# Guanella Pass skiing and snowmobiling



## darren (Jun 29, 2004)

does anyone know if guanella pass is accessible for snowmobiles in the winter? i'd like to ride up to find someplace to ski on the pass. i'd rather not buzz by people who are skinning up though. anyone familiar with the area? if you are, how about skiing out of silver plume? thanks. dsb


----------



## Killclimbz (Nov 18, 2004)

The basic answer is no. I am sure you can take a snowmobile on the road, but to get to anything to ski, you are going to have to hoof it.


----------



## darren (Jun 29, 2004)

*thanks...got any info on the skiing?*

thanks. what about the skiing on guanella pass? i heard there used to be a resort (lift) there. i figured i'd snowmobile up the road, then skin up off the road. dsb.


----------



## Killclimbz (Nov 18, 2004)

*Re: thanks...got any info on the skiing?*



darren said:


> thanks. what about the skiing on guanella pass? i heard there used to be a resort (lift) there. i figured i'd snowmobile up the road, then skin up off the road. dsb.

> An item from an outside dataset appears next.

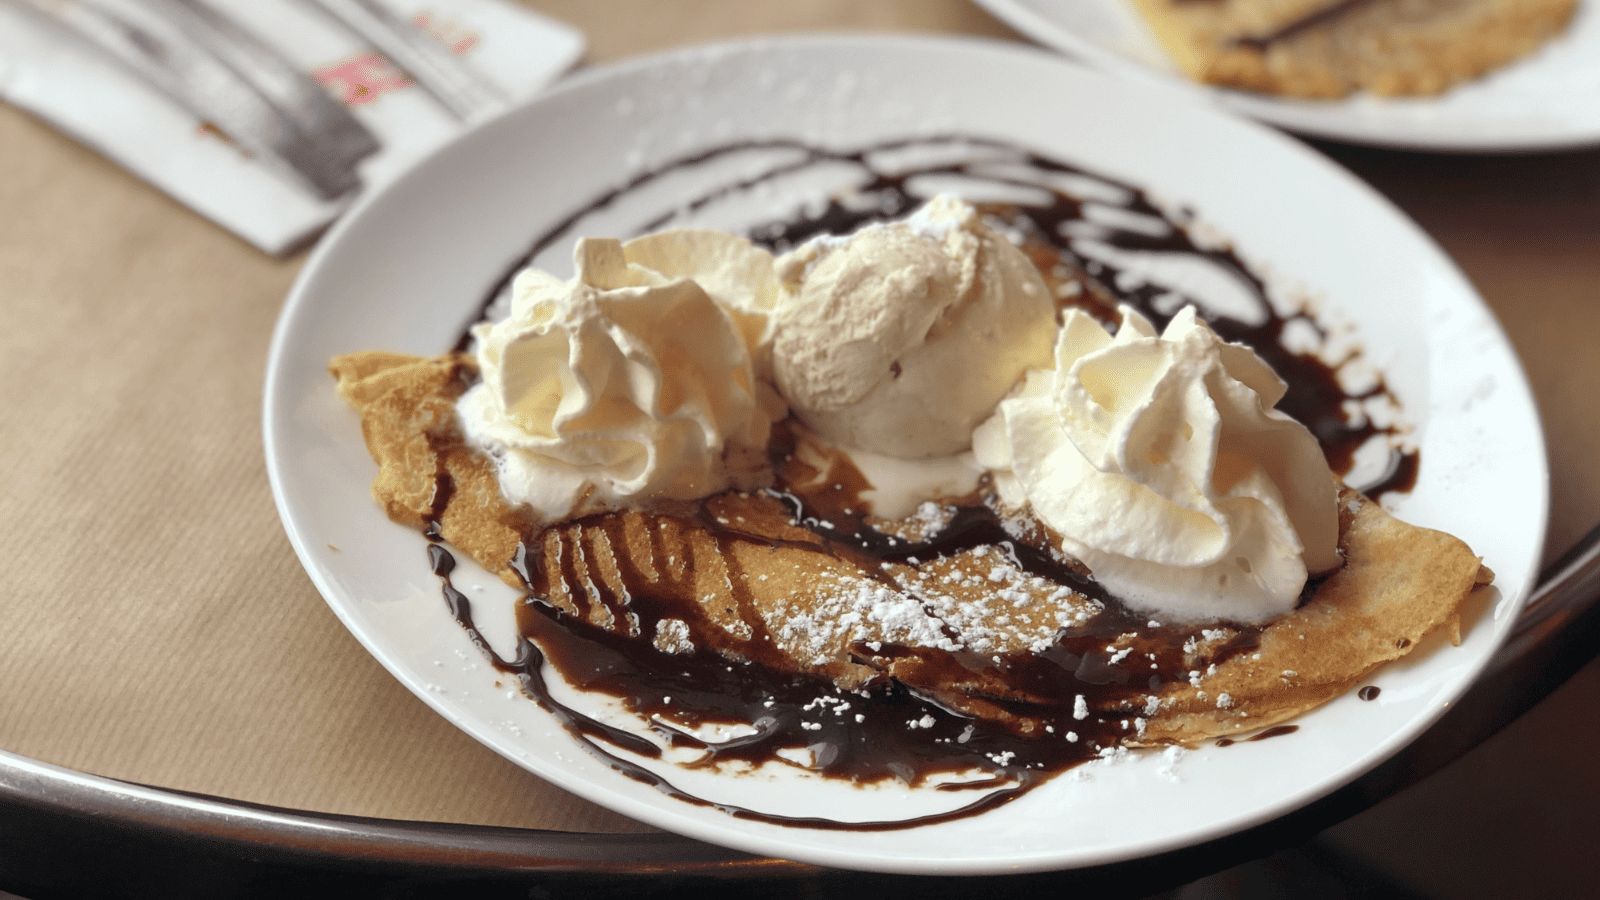 Crepes with ice cream and chocolate sauce

Geneva Basin is the name of the old Ski area up there. It's pretty decent, but gets tracked out fast with very few people making runs. It also happens to face due east and gets a lot of sun which doesn't make for a very good powder stash. Still I have had some great days up there. Take Guanella pass from the Grant side. The resort is on the left about a quarter mile from the summit. Last year, they had the pass blocked right where you want to park for road construction. It should be fairly obvious where the old ski area is from there. Most of the time you can probably get in there with a 4wd.


----------



## spthomson (Oct 18, 2003)

Someone else can correct me if I'm wrong, or feel free to check yourself...but I'm pretty sure that's all wilderness area up there off the road (Mt. Evans Wilderness), in which case, snowmobiles are not allowed at all.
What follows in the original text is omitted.